Kamada Ltd. is focused on plasma-derived protein therapeutics for orphan indications, and has a commercial product portfolio and a robust late-stage product pipeline. The Company uses its proprietary platform technology and know-how for the extraction and purification of proteins from human plasma to produce Alpha-1 Antitrypsin (AAT) in a highly-purified, liquid form, as well as other plasma-derived proteins. AAT is a protein derived from human plasma with known and newly-discovered therapeutic roles given its immunomodulatory, anti-inflammatory, tissue-protective and antimicrobial properties. The Company’s flagship product is Glassia®, the first and only liquid, ready-to-use, intravenous plasma-derived AAT product approved by the U.S. Food and Drug Administration. Kamada markets Glassia in the U.S. through a strategic partnership with Baxter International. In addition to Glassia, Kamada has a product line of nine other pharmaceutical products that are marketed through distributors in more than 15 countries, including Israel, Russia, Brazil, India and other countries in Latin America, Eastern Europe and Asia. Kamada has five late-stage plasma-derived protein products in development, including an inhaled formulation of AAT for the treatment of AAT deficiency that completed a pivotal Phase 2/3 clinical trials in Europe and will be entering Phase 2 clinical trials in the U.S. Kamada also leverages its expertise and presence in the plasma-derived protein therapeutics market by distributing 10 complementary products in Israel that are manufactured by third parties.

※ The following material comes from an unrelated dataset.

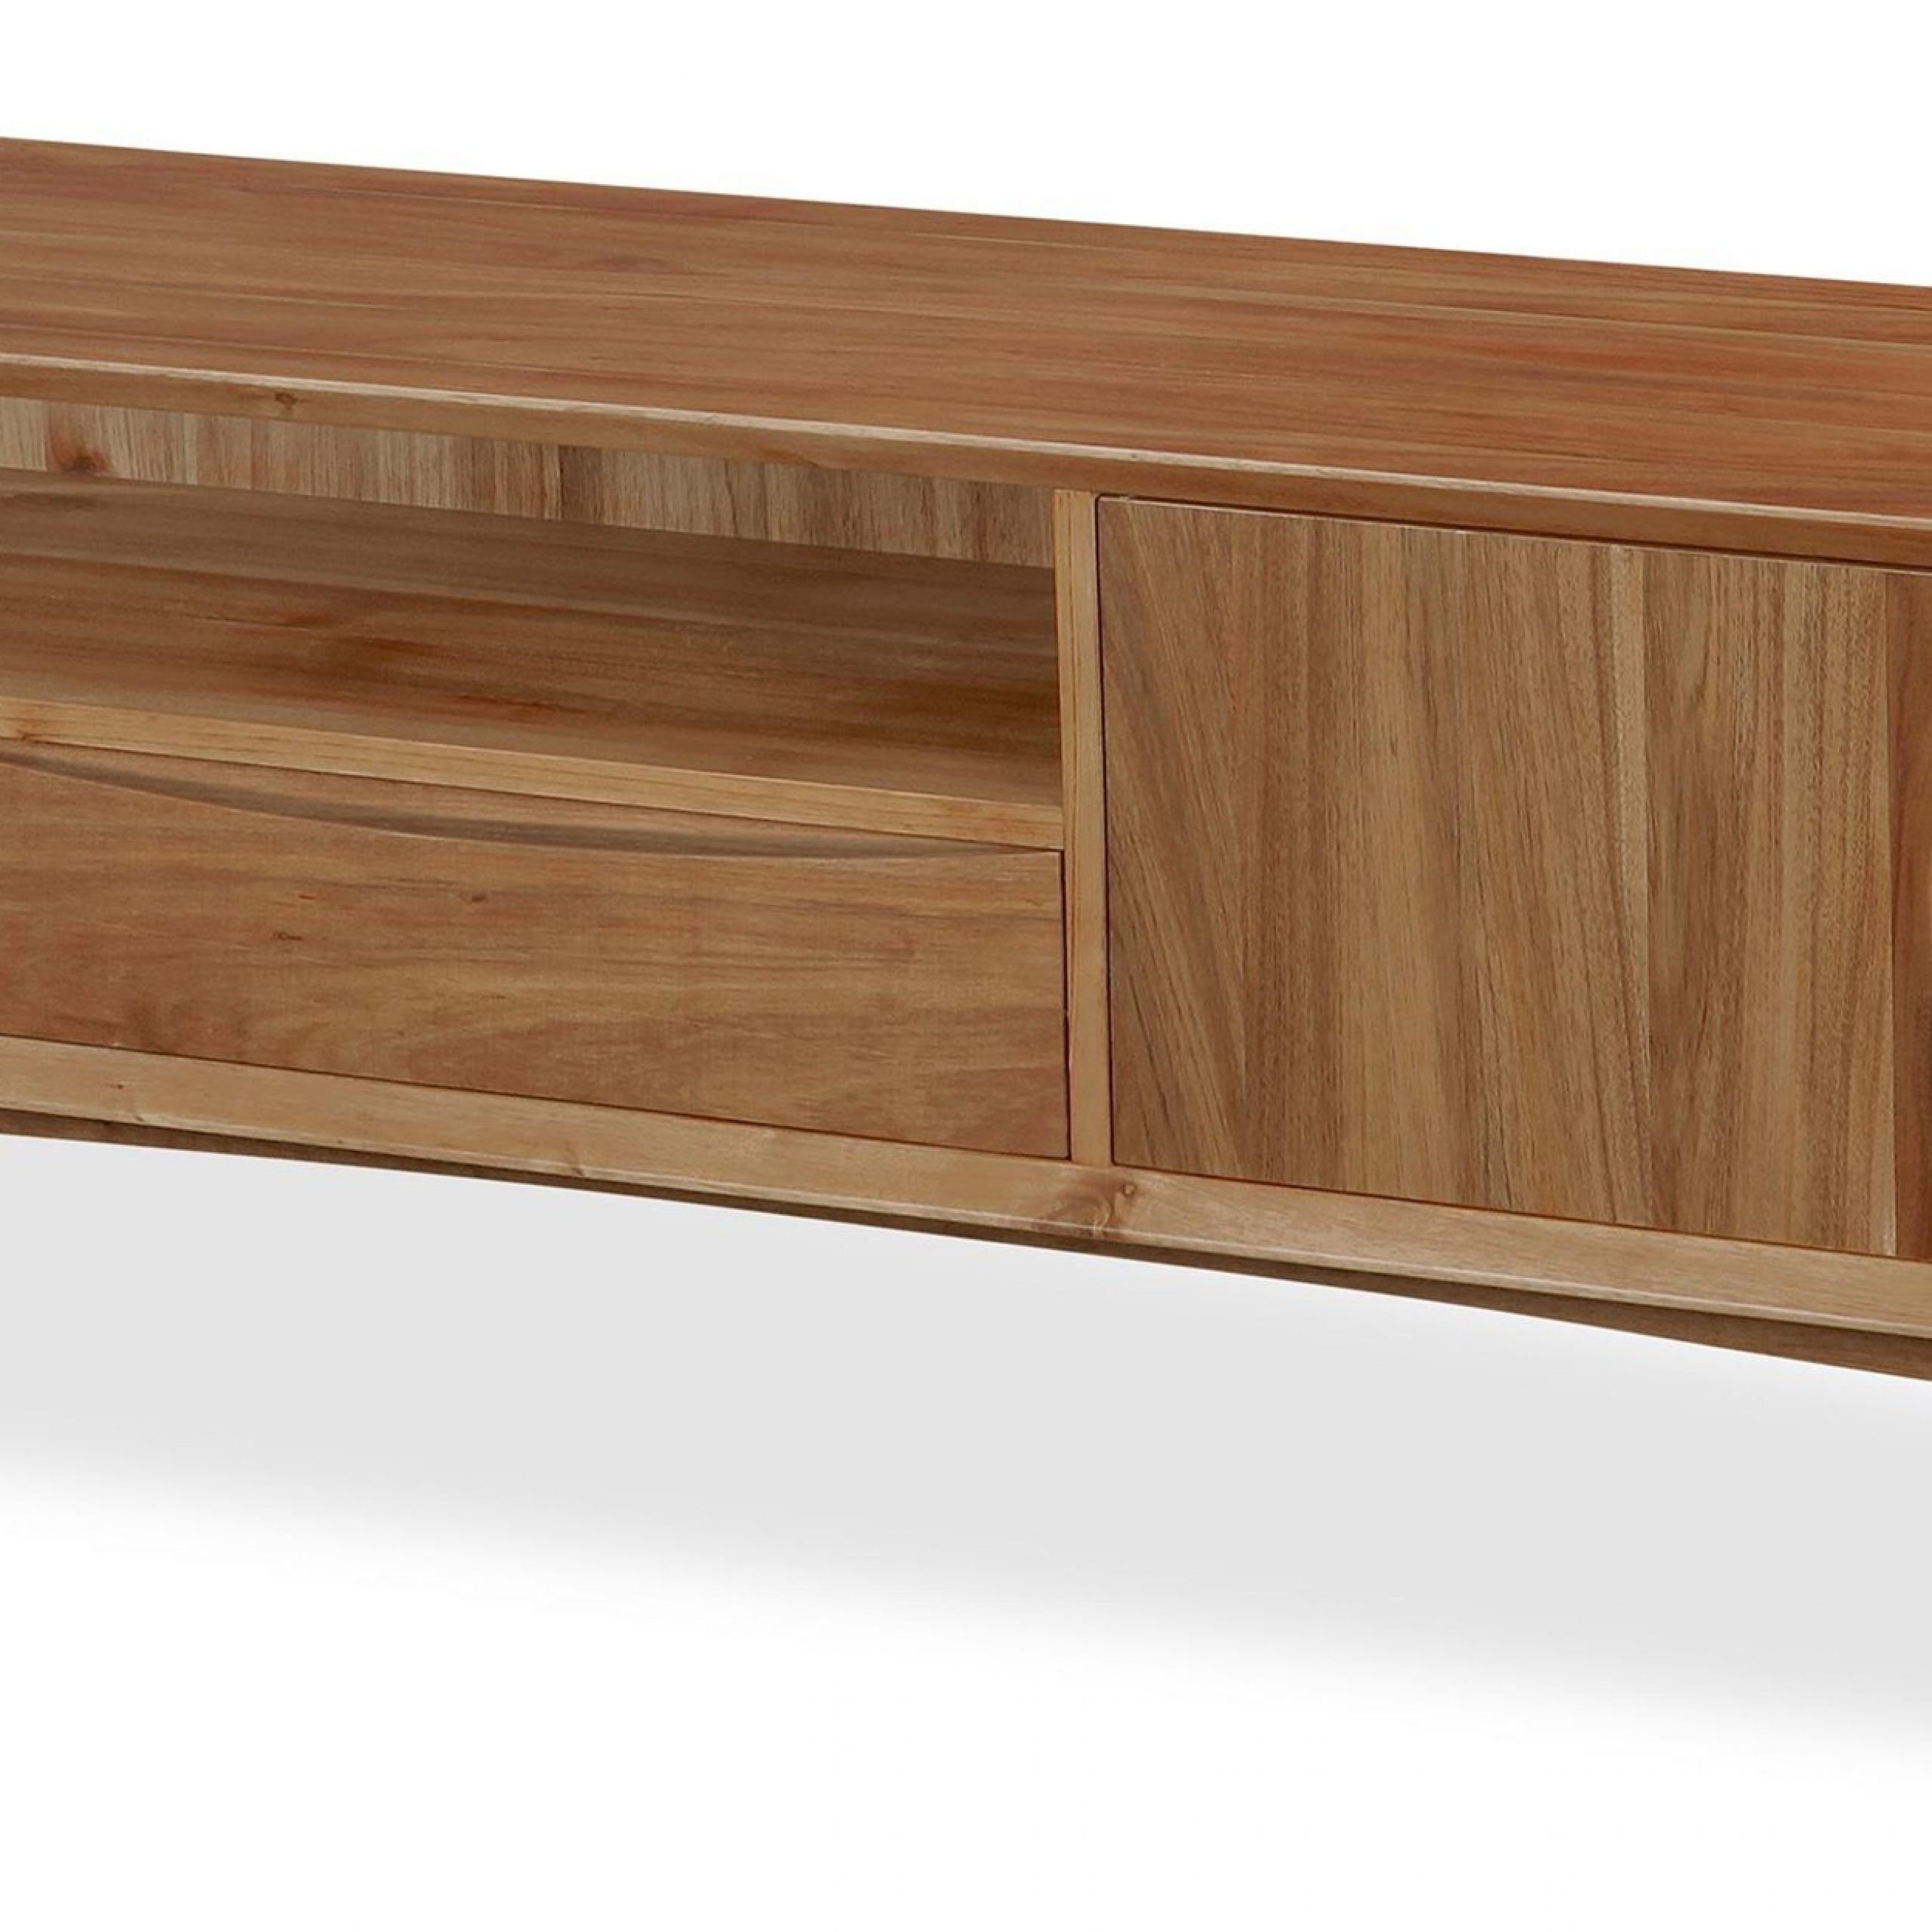 Global Home Berkeley Extra Large Tv Unit | Homeworld Throughout Chromium Extra Wide Tv Unit Stands (View 8 of 20)

This release includes forward-looking statements within the meaning of Section 27A of the U.S. Securities Act of 1933, as amended, Section 21E of the US Securities Exchange Act of 1934, as amended, and the safe harbor provisions of the U.S. Private Securities Litigation Reform Act of 1995. Forward-looking statements are statements that are not historical facts, such as statements regarding assumptions and results related to financial results forecast, commercial results, clinical trials, the EMA and U.S. FDA authorizations and timing of clinical trials. Forward-looking statements are based on Kamada’s current knowledge and its present beliefs and expectations regarding possible future events and are subject to risks, uncertainties and assumptions. Actual results and the timing of events could differ materially from those anticipated in these forward-looking statements as a result of several factors including, but not limited to, unexpected results of clinical trials, delays or denial in the U.S. FDA or the EMA approval process, additional competition in the AATD market or further regulatory delays. The forward-looking statements made herein speak only as of the date of this announcement and Kamada undertakes no obligation to update publicly such forward-looking statements to reflect subsequent events or circumstances, except as otherwise required by law.